Eight major aquifers are used for water supply in Queen Anne's and Talbot
- The Columbia aquifer is a surficial aquifer that extends over most of the
study area. The Columbia aquifer supplies some older homes and farms, and
is used for irrigation, but because it is shallow, it is vulnerable to contamination
from surface sources, and to going dry during droughts.
- The Miocene aquifers underlie the Columbia aquifer in southeastern Queen
Anne's and Talbot Counties, and are used for domestic, commercial, and irrigation
supplies in that area.
- The Piney Point aquifer underlies the Miocene sediments in the southeastern
part of the study area, but is absent in the northwest, and is a poor aquifer
in some parts of the study area. It is used for domestic and commercial supplies
where it is present, and for municipal supplies in neighboring Caroline and
- The Aquia aquifer underlies the Piney Point and Columbia aquifers, and
is used extensively throughout the study area, except for the southeastern
part of Talbot County. Brackish water is present in the Aquia aquifer in a
narrow strip along the Chesapeake Bay shore of Kent Island. Water levels in
the Aquia aquifer have declined at a rate of about one-half foot per year
since 1980, and may continue to decline as the region's population increases,
and demand for irrigation water increases.
- The Matawan aquifer underlies the Aquia aquifer in western Queen Anne's
County and possibly elsewhere. It is used for small domestic supplies in parts
of Kent Island where it provides an alternative water source to the Aquia
aquifer and deeper Cretaceous aquifers that have severe iron problems.

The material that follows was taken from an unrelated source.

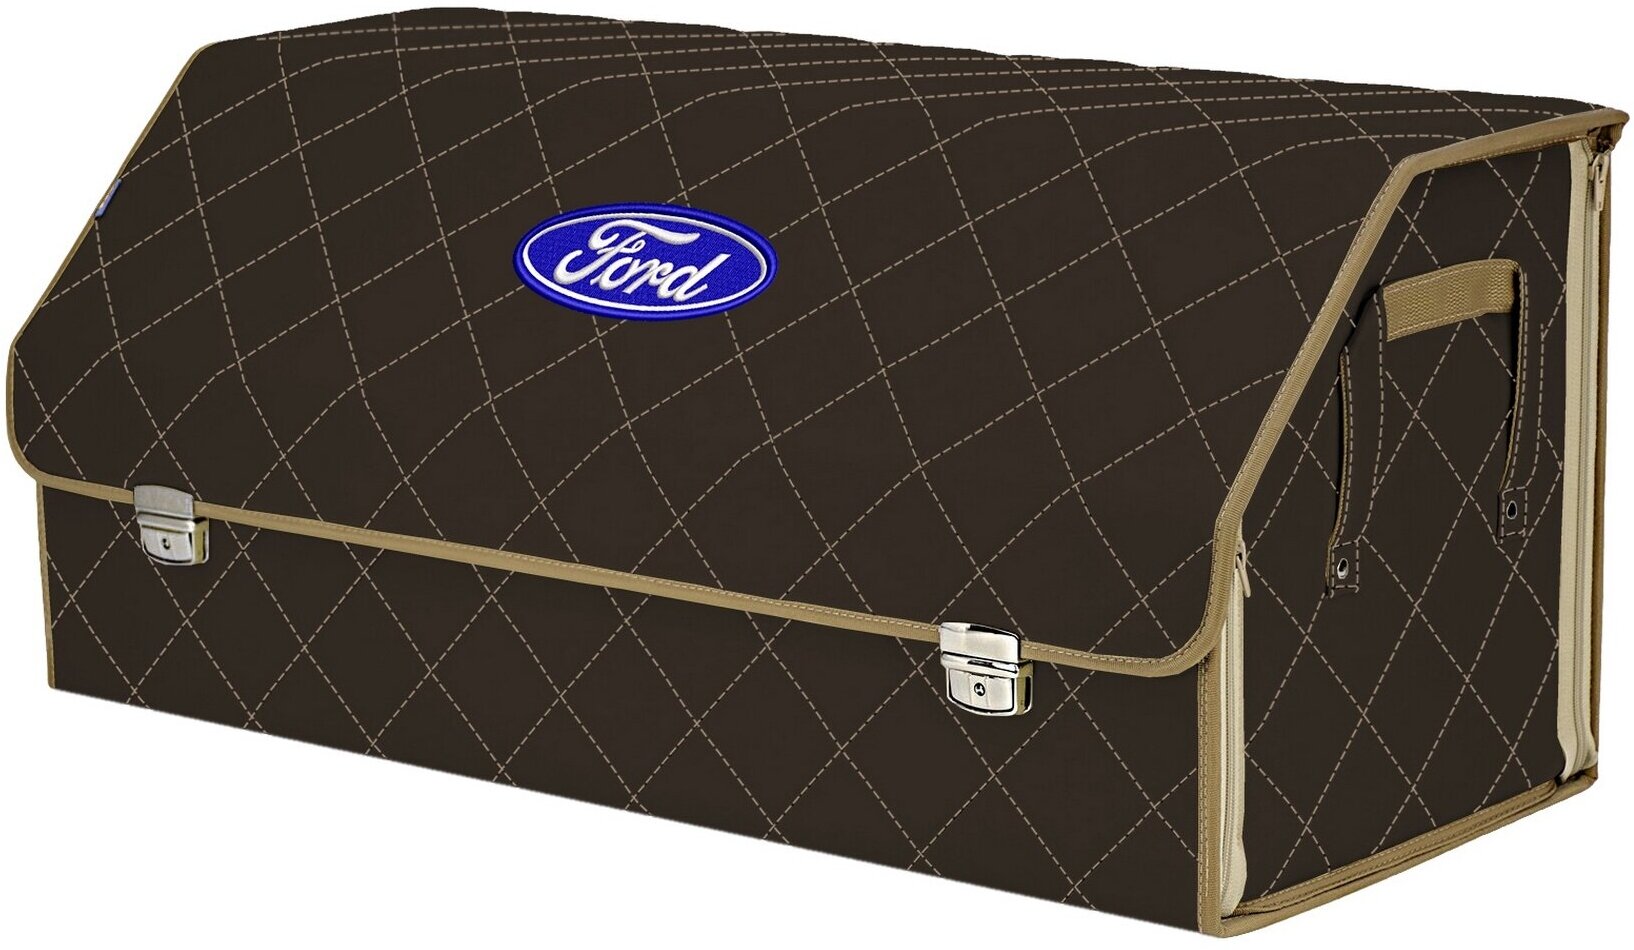 Органайзер-саквояж в багажник "Союз Премиум" (размер XXL). Цвет: коричневый с бежевой прострочкой Ромб и вышивкой Ford (Форд).

- The Magothy aquifer underlies the Matawan aquifer and may be hydraulically
connected to it in places. It supplies water for domestic and commercial uses
on Kent Island but water from the Magothy is very high in iron, and must be
treated before use. The Magothy aquifer is also used for much of the municipal
water supply at Easton, where iron concentrations do not pose a problem.

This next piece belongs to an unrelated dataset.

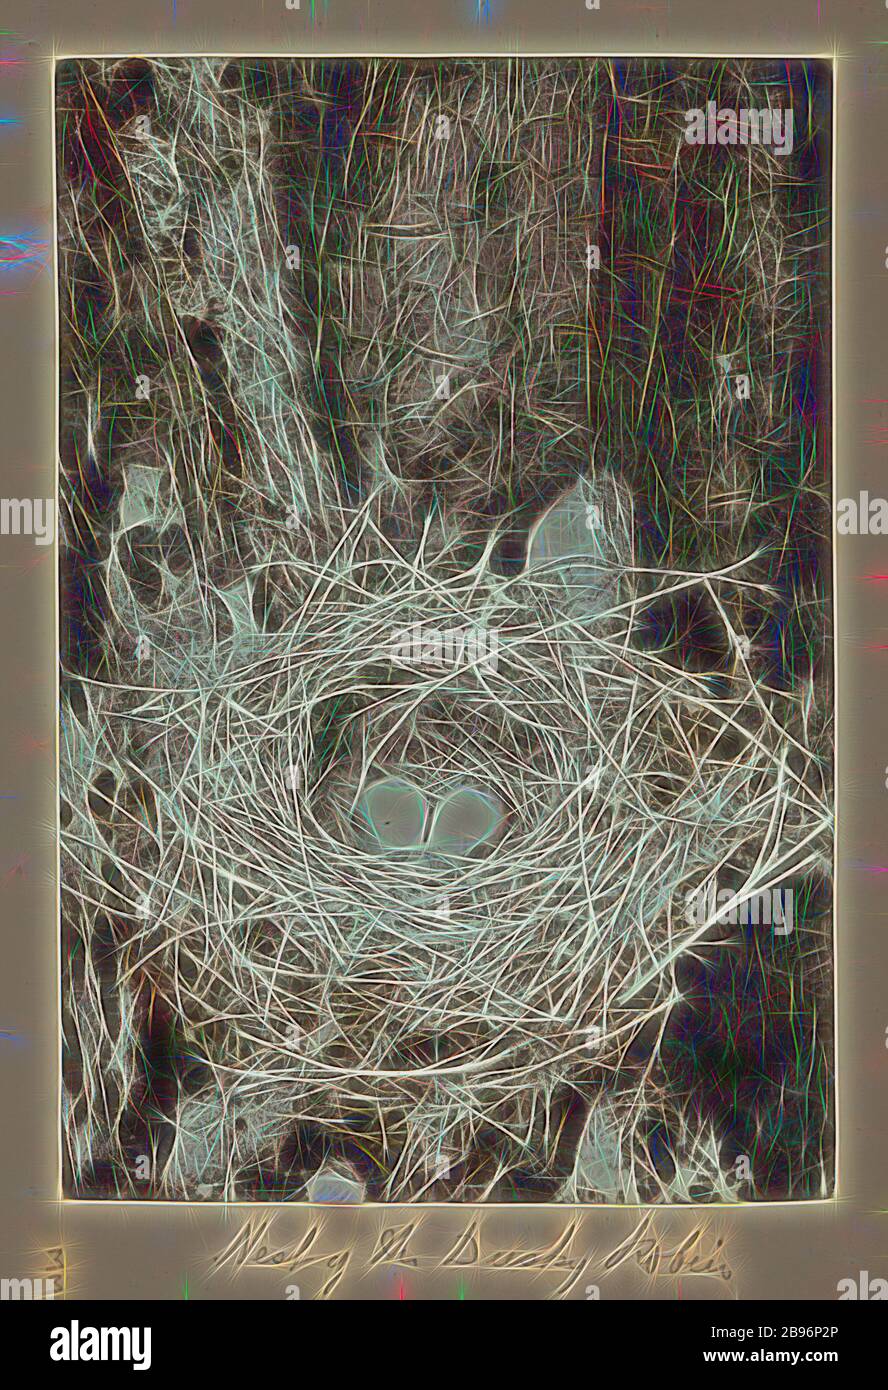 Photo - Nest de Robin Ducky (Melanodryas vittata), Groupe Furneaux, détroit de Bass, 1893, Une des soixante-neuf photographies en noir et blanc et en sépia dans un album lié [dont six sont lâches] prises par un J Campbell lors d'une expédition scientifique du Field Naturalistes Club of Victoria au groupe Furneaux, détroit de Bass, en 1893., repensée par Gibon, conception d'un brillant chaleureux et joyeux de la luminosité et des rayons de lumière radiance. L'art classique réinventé avec une touche moderne. La photographie inspirée du futurisme, qui embrasse l'énergie dynamique de la technologie moderne, du mouvement, de la vitesse et de la révolution Banque D'Images

- The Upper Patapsco aquifer underlies the Magothy aquifer and supplies water
for domestic, commercial, and municipal uses on Kent Island and eastward to
Grasonville. Water from the Upper Patapsco aquifer also has a severe iron
problem in the Kent Island area but becomes less severe to the east and south.
The Upper Patapsco aquifer is also used for the municipal supply at Easton
where iron concentrations do not pose a treatment problem.
- The Lower Patapsco aquifer underlies the Upper Patapsco aquifer on Kent
Island, and probably elsewhere in the study area. It has been used for part
of the public supply system on Kent Island since late 1999, but nowhere else
on the Eastern Shore of Maryland south of Cecil County. Although water from
the Lower Patapsco aquifer requires treatment for iron, concentrations are
much lower than in the Magothy and Upper Patapsco aquifers. Aquifer tests
have shown that the Lower Patapsco aquifer is very productive, and provides
an excellent alternative to shallower aquifers, in spite of its great depth
(1,445 feet below sea level at Stevensville).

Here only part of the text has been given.